Frederic Hauge of environmental group Bellona wasn’t so sure about that. “All attempts to stabilize the well … have failed,” Hauge told news bureau NTB. “This isn’t acceptable.”
The Gullfaks C trouble is cropping up again just after British Petroleum continues to cope with its fatal blowout in the Gulf of Mexico and enormous resulting oil spill. “Now it’s important that they (Statoil officials) make good risk evaluations and act as quickly as possible,” Anda said.
It’s the third time in the past year that Statoil has had trouble with the same well on the Gullfaks field. Fears of a blowout also arose on December 23, and gas began to stream into the same well on April 30 last year, during drilling operations.
Big deal off Brazil
Meanwhile, Statoil’s corporate officials had much better news for investors on Friday, in announcing that it had sold off a 40 percent stake of its Peregrino field off Brazil to Sinochem Group of China.
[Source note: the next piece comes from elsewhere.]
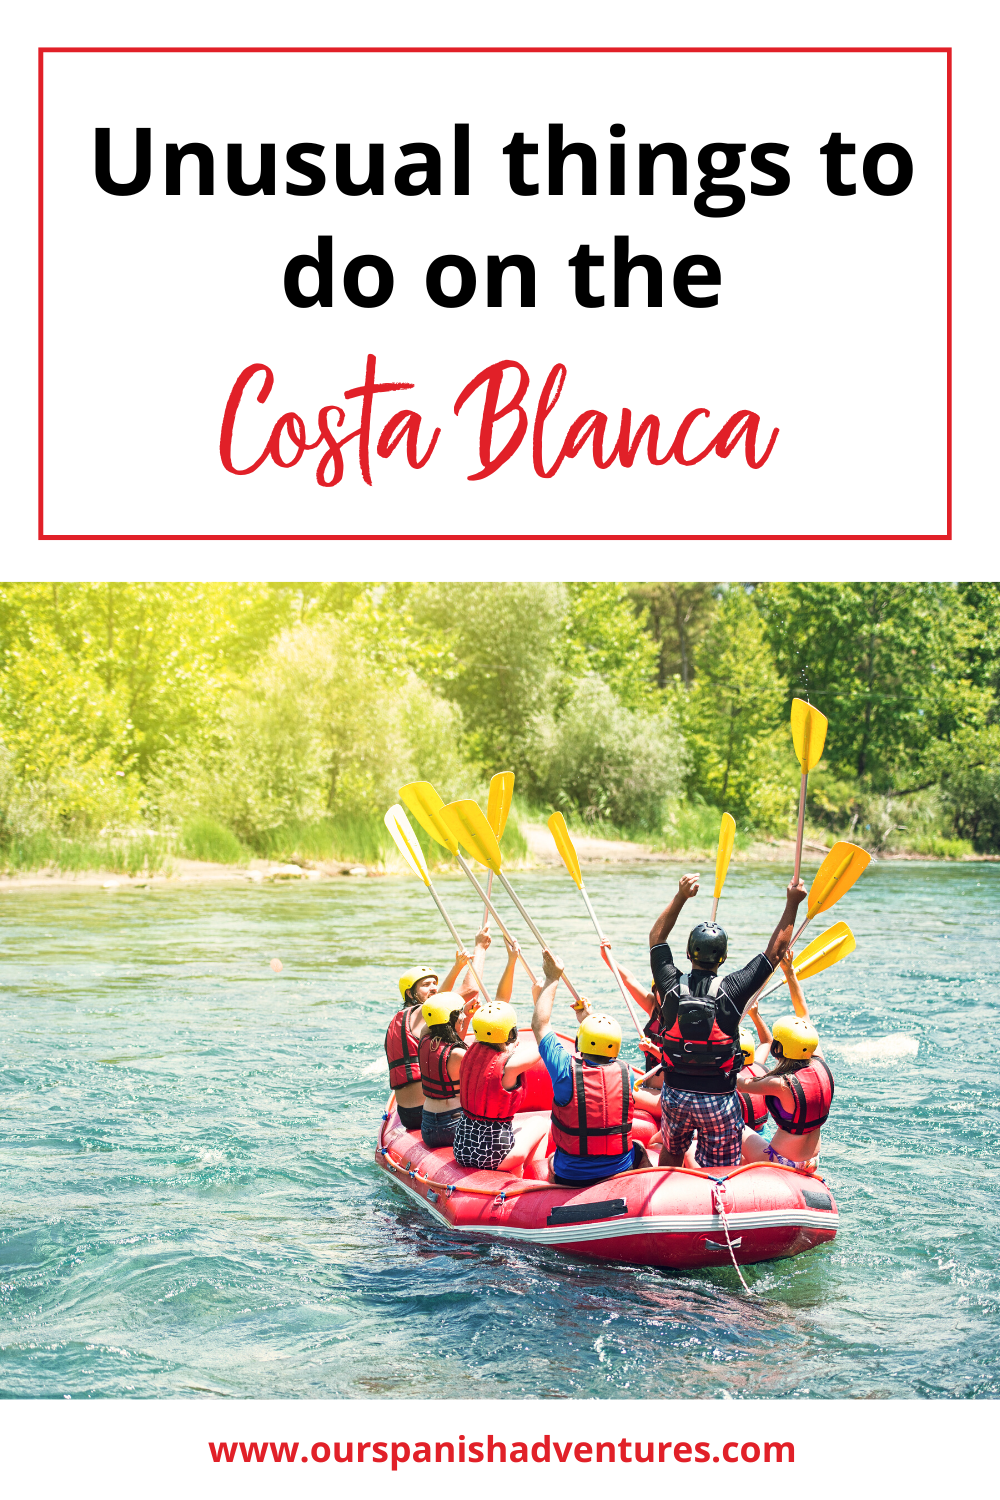 Unusual things to do on the Costa Blanca | Our Spanish Adventures
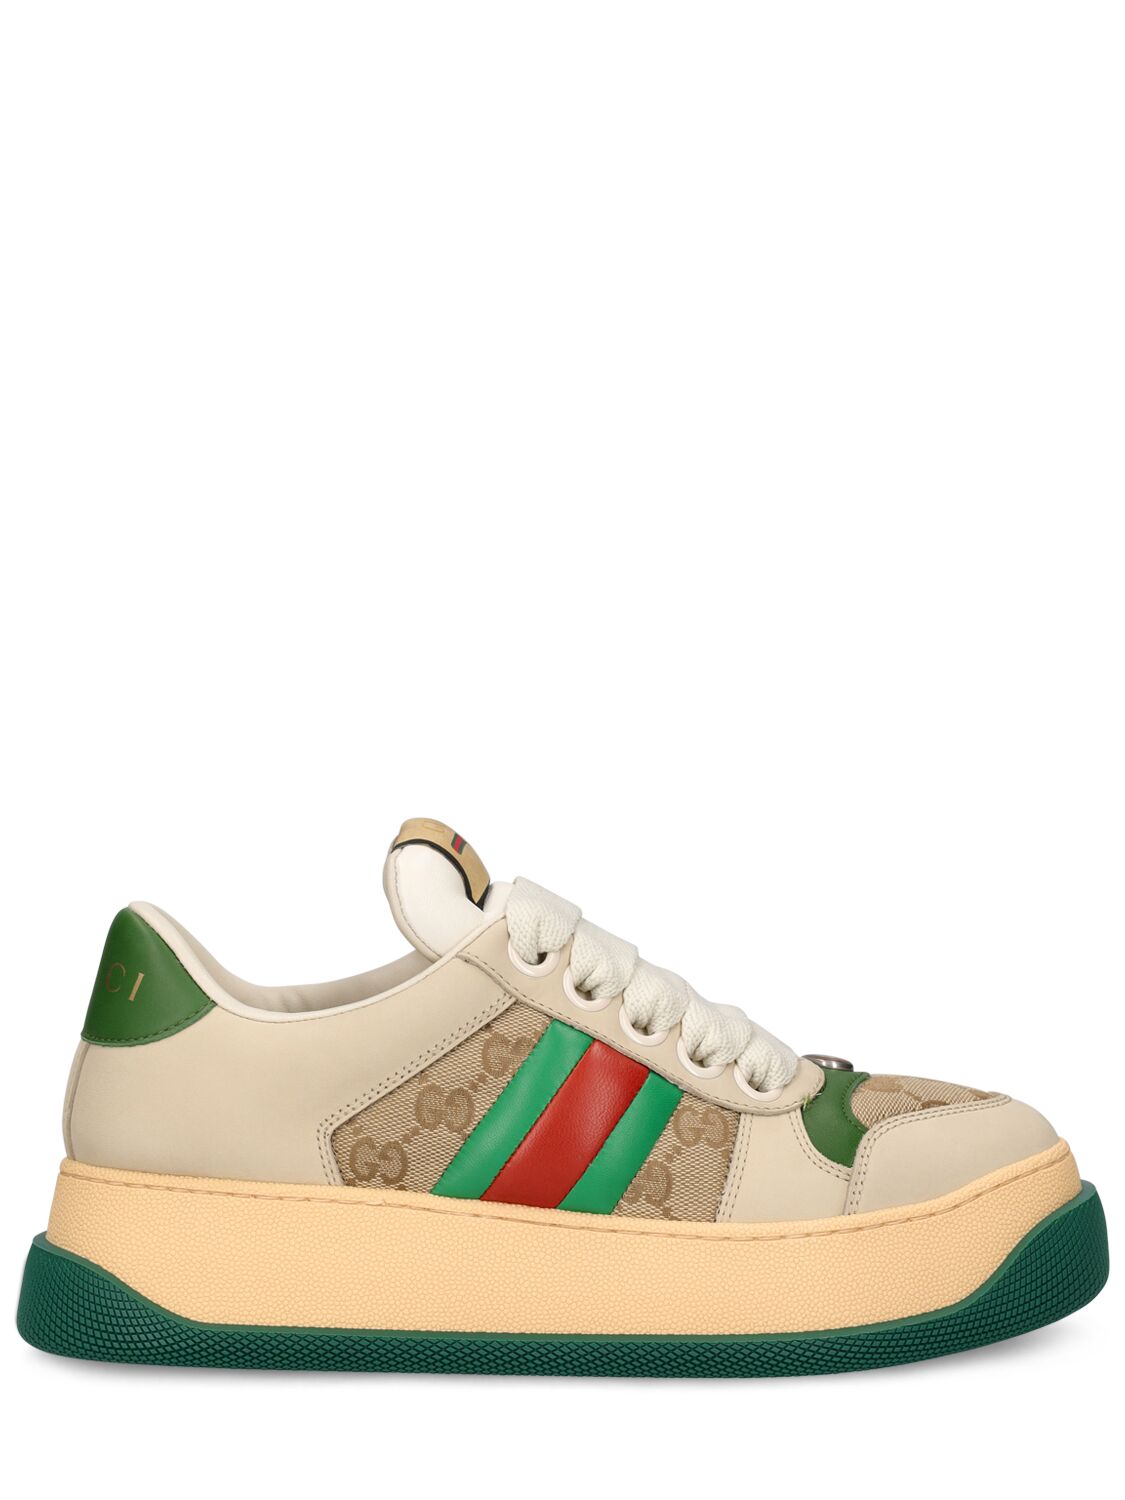 Shop Gucci 50mm Screener Leather Sneakers W/ Web In White,green

Sinochem is paying just over USD 3 billion in cash for the stake (nearly NOK 20 billion) and Statoil will retain a controlling 60 percent stake and continue as operator.
“The transaction confirms the high quality of the Peregrino asset, reflecting Statoil’s vallue added through the field development,” Statoil CEO Helge Lund claimed in a prepared statement. He called the “disvestment … a natural step in our continuous effort to optimize our portfolio.”
Production on the Peregrino field is due to start in 2011.